As provided in and subject to the provisions of the Indenture, the Holder of this Security shall not have the right to institute any proceeding with respect to the Indenture or for the appointment of a receiver or trustee or for any other remedy thereunder, unless such Holder shall have previously given the Trustee written notice of a continuing Event of Default with respect to the Securities of this series, the Holders of not less than 25% in principal amount of the Securities of this series at the time Outstanding shall have made written request to the Trustee to institute proceedings in respect of such Event of Default as Trustee and offered the Trustee security or  indemnity satisfactory to it, and the Trustee shall not have received from the Holders of a majority in principal amount of Securities of this series at the time Outstanding a direction inconsistent with such request, and shall have failed to institute any such proceeding, for 60 days after receipt of such notice, request and offer of security or indemnity. The foregoing shall not apply to any suit instituted by the Holder of this Security for the enforcement of any payment of principal hereof or any premium or interest hereon on or after the respective due dates expressed herein.

No reference herein to the Indenture and no provision of this Security or of the Indenture shall alter or impair the obligation of the Company, which is absolute and unconditional, to pay the principal of and any premium and interest on this Security at the times, place and rate, and in the coin or currency, herein prescribed.

As provided in the Indenture and subject to certain limitations therein set forth, the transfer of this Security is registrable in the Security Register, upon surrender of this Security for registration of transfer at the office or agency of the Company in any place where the principal of and any premium and interest on this Security are payable, duly endorsed by, or accompanied by a written instrument of transfer in form satisfactory to the Company and the Security Registrar duly executed by, the Holder hereof or his attorney duly authorized in writing, and thereupon one or more new Securities of this series and of like tenor, of authorized denominations and for the same aggregate principal amount, will be issued to the designated transferee or transferees.

The Securities of this series are issuable only in registered form without coupons in denominations of $1,000 and in integral multiples of $1,000 in excess thereof.
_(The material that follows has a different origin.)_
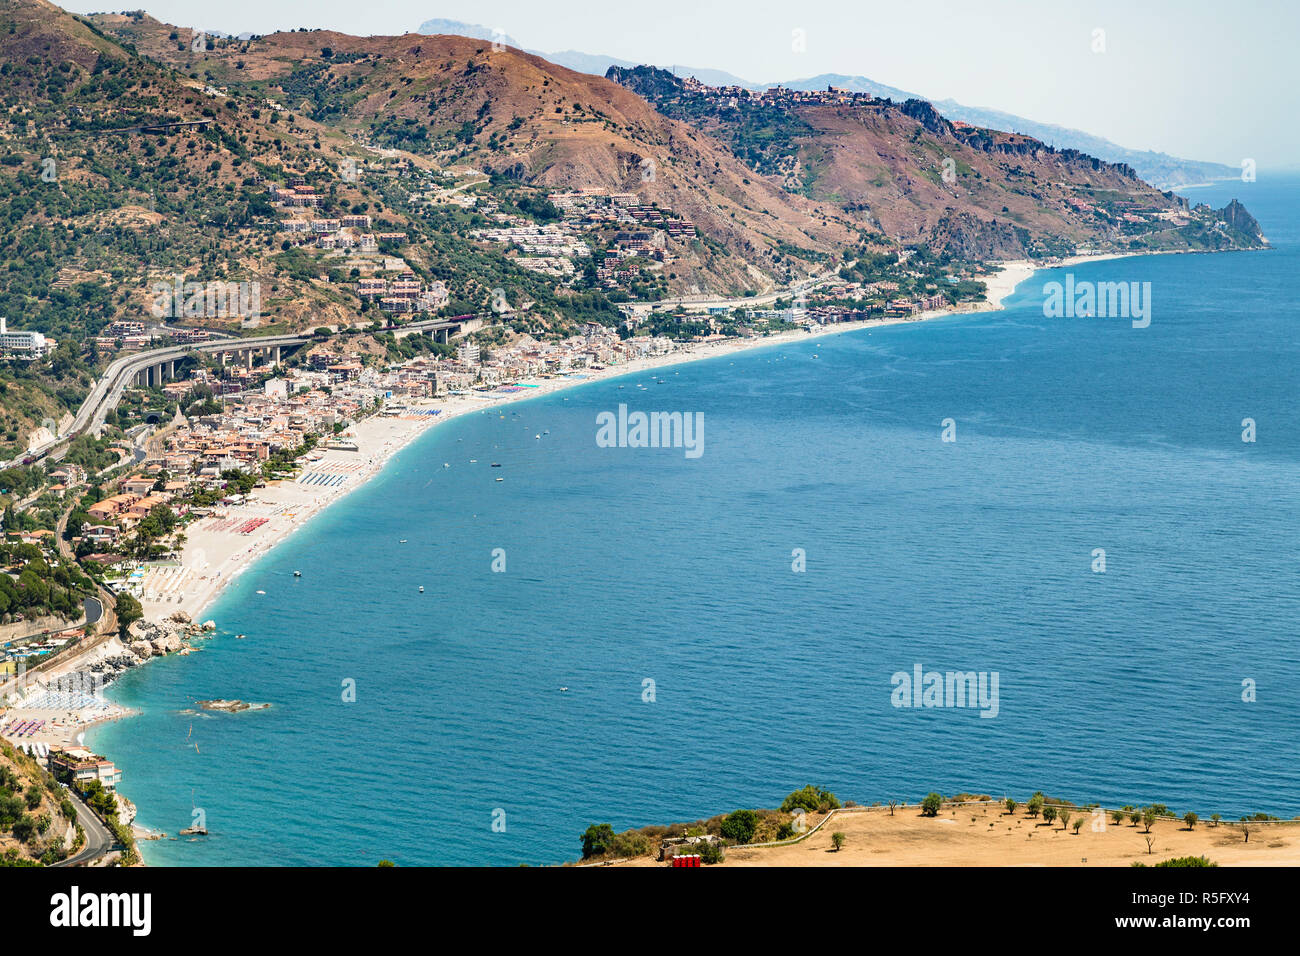 Letojanni resort village of shore of Ionian Sea Stock Photo

As provided in the Indenture and subject to certain limitations therein set forth, Securities of this series are exchangeable for a like aggregate principal amount of Securities of this series and of like tenor of a different authorized denomination, as requested by the Holder surrendering the same.

No service charge shall be made for any such registration of transfer or exchange, but the Company may require payment of a sum sufficient to cover any tax or other governmental charge payable in connection therewith.

Prior to due presentment of this Security for registration of transfer, the Company, the Trustee and any agent of the Company or the Trustee may treat the Person in whose name this Security is registered as the owner hereof for all purposes, whether or not this Security be overdue, and neither the Company, the Trustee nor any such agent shall be affected by notice to the contrary.

All terms used in this Security which are defined in the Indenture shall have the meanings assigned to them in the Indenture.